The 10 best OSINT tools for 2023

Analyze threat data with OSINT
The 10 best OSINT tools for 2023

providers on the topic

With open source intelligence tools, there are various tools that can be used to use publicly accessible information sources to identify weak points in your own network. In this article we show 10 interesting tools for 2023.

We present ten OSINT tools that can also be of valuable help for the challenges of 2023.
We present ten OSINT tools that can also be of valuable help for the challenges of 2023.

(Image: Who is Danny –

We have already explained some interesting tools in the field of Open Source Intelligence (OSINT) in the article “Security with Open Source – Part 1”. In the article “Security with Open Source – Part 2” we show even more tools from this area, with which admins can obtain comprehensive information and actively improve security in their network. In the following article we show other tools that can also be of valuable help for the challenges in 2023.

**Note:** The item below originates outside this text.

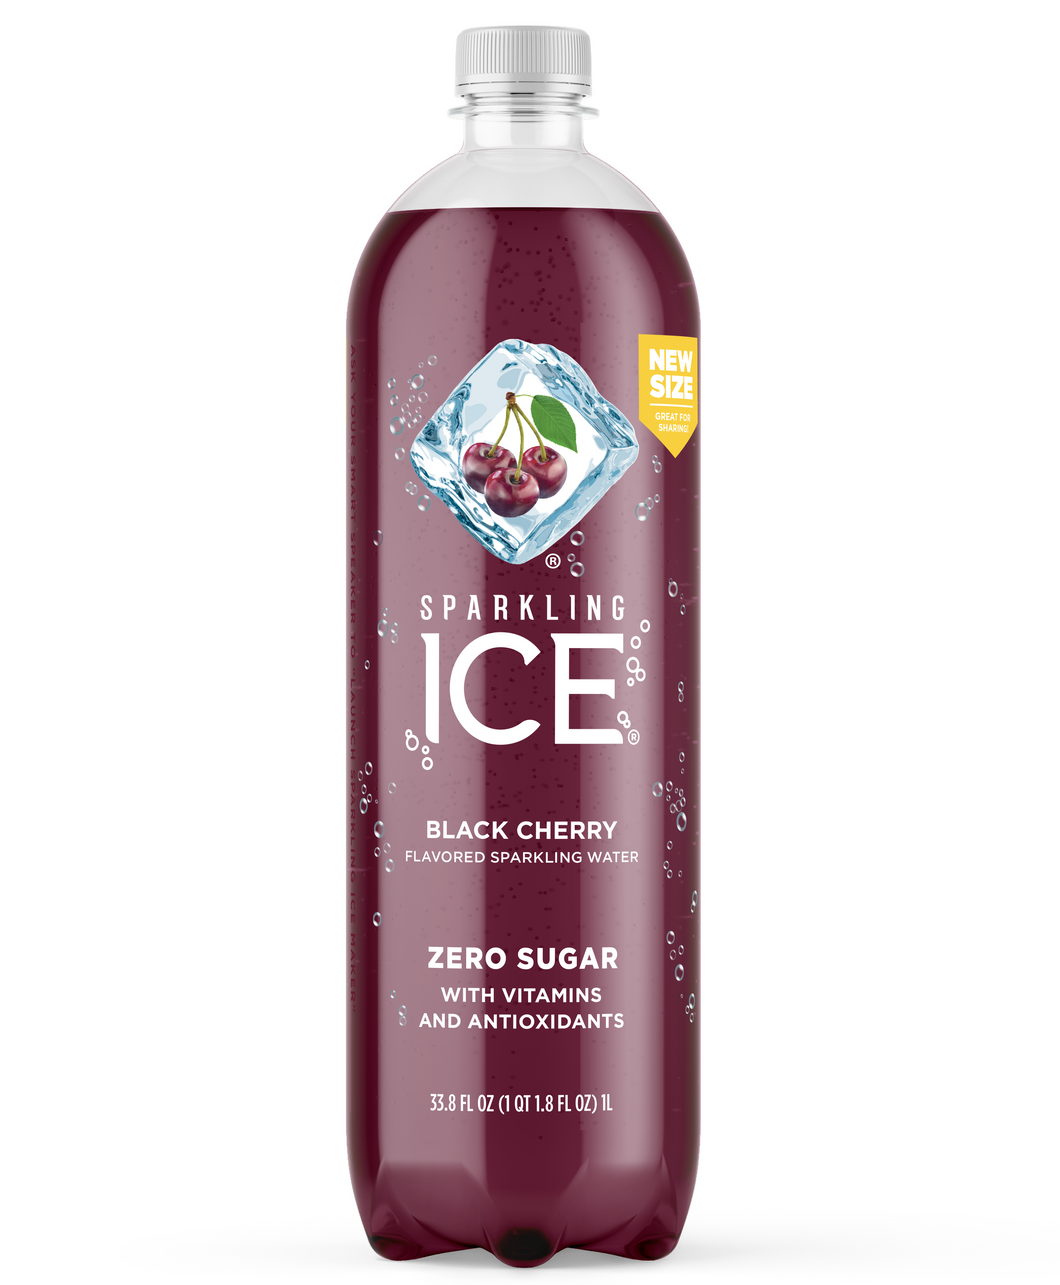 Sparkling Ice Flavored Sparkling Water, Black Cherry, 1 Liter (Pack of 12)
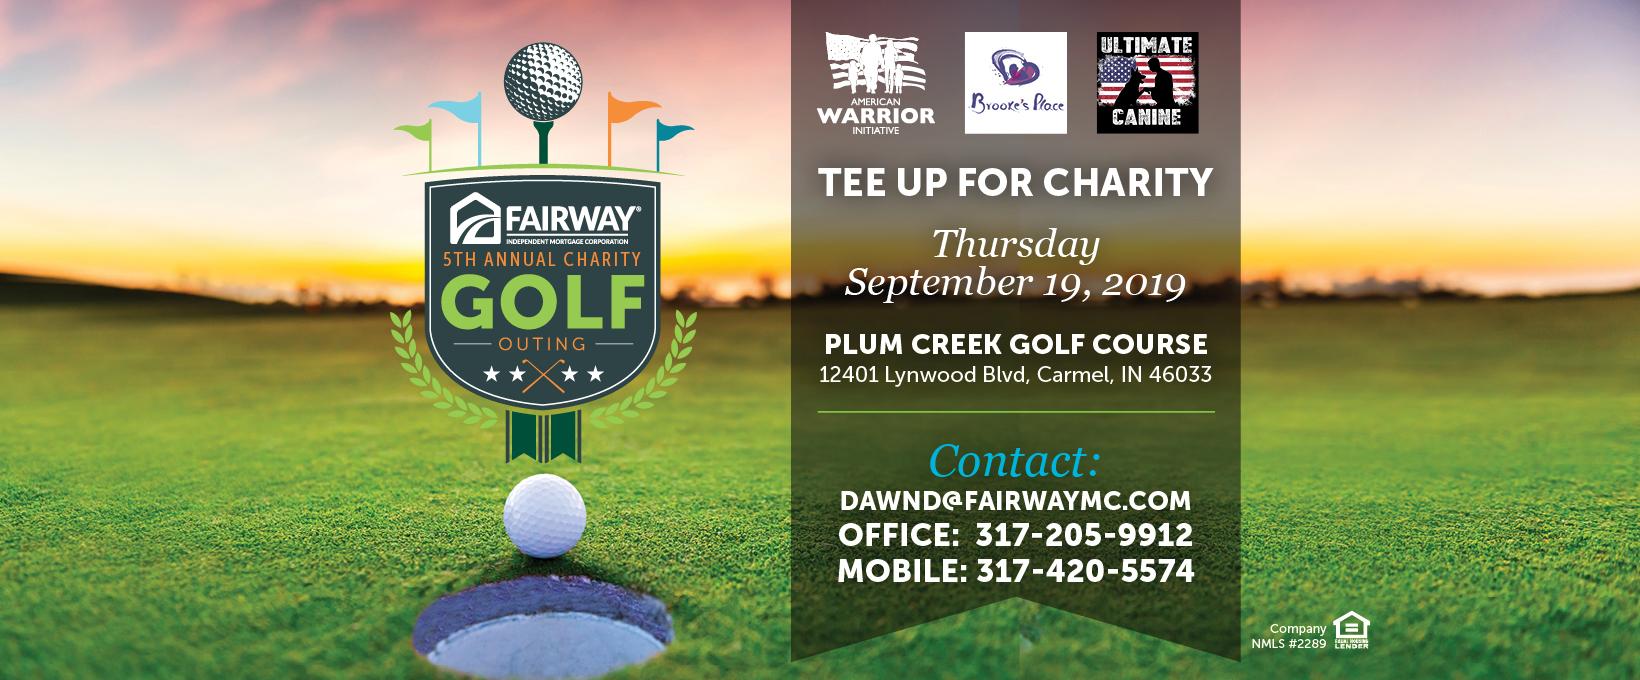 Fairway's 5th Annual Tee Up for Charity Golf Outing

At OSINT, open source stands for open data sources that are also evaluated by intelligence services.  (Image: Vogel IT media)

1. IBM X-Force Exchange: Explore threat intelligence and leverage early warning feeds

With the IBM platform X-Force Exchange in the IBM cloud, files, applications, IP addresses, URLs, indicators of compromise (IOC) and security gaps can be examined more closely. The service can also be integrated into SIEMS. APIs are available for this, which are displayed as part of the online investigation of certain threats.

IBM X-Force Exchange can be used without registration, but also with a free IBM ID via the IBM Cloud. Here IBM also provides a free subscription with various options. Our sister site CloudComputing-Insider covered the possibilities in detail in the article “IBM Cloud Free Tier – Storage, Clusters and Databases”. The OSINT tool can also examine files for relevant content that is of interest for security. In addition to examining files and other objects, IBM X-Force Exchange offers various early warning feeds for threats and current vulnerabilities.

2. MISP – The Free Malware Information Sharing Platform

MISP is an open source project that allows companies, organizations, researchers and users to collect and share information about malware. The site is ideal for analyzing malware attacks and preparing for such attacks. The site allows Indicator of Compromise (IOC) to be shared and analyzed.

picture gallery

READ:  What is CEO Fraud?

Picture gallery with 10 pictures

With the MISP project, correlation, automated exports for IDS or SIEM, in STIX or OpenIOC can be used and synchronized with other MISPs. The platform for the automated analysis of threats and malware is interesting. Often, similar organizations are targeted by the same threat actor in the same or different campaigns. Participants in MISP can thus detect and prevent such attacks very early on in a community. Sharing enables collaborative analysis. In addition, MISP offers metadata tagging, feeds, visualization and, through open protocols and data formats, enables integration with other tools for further analysis.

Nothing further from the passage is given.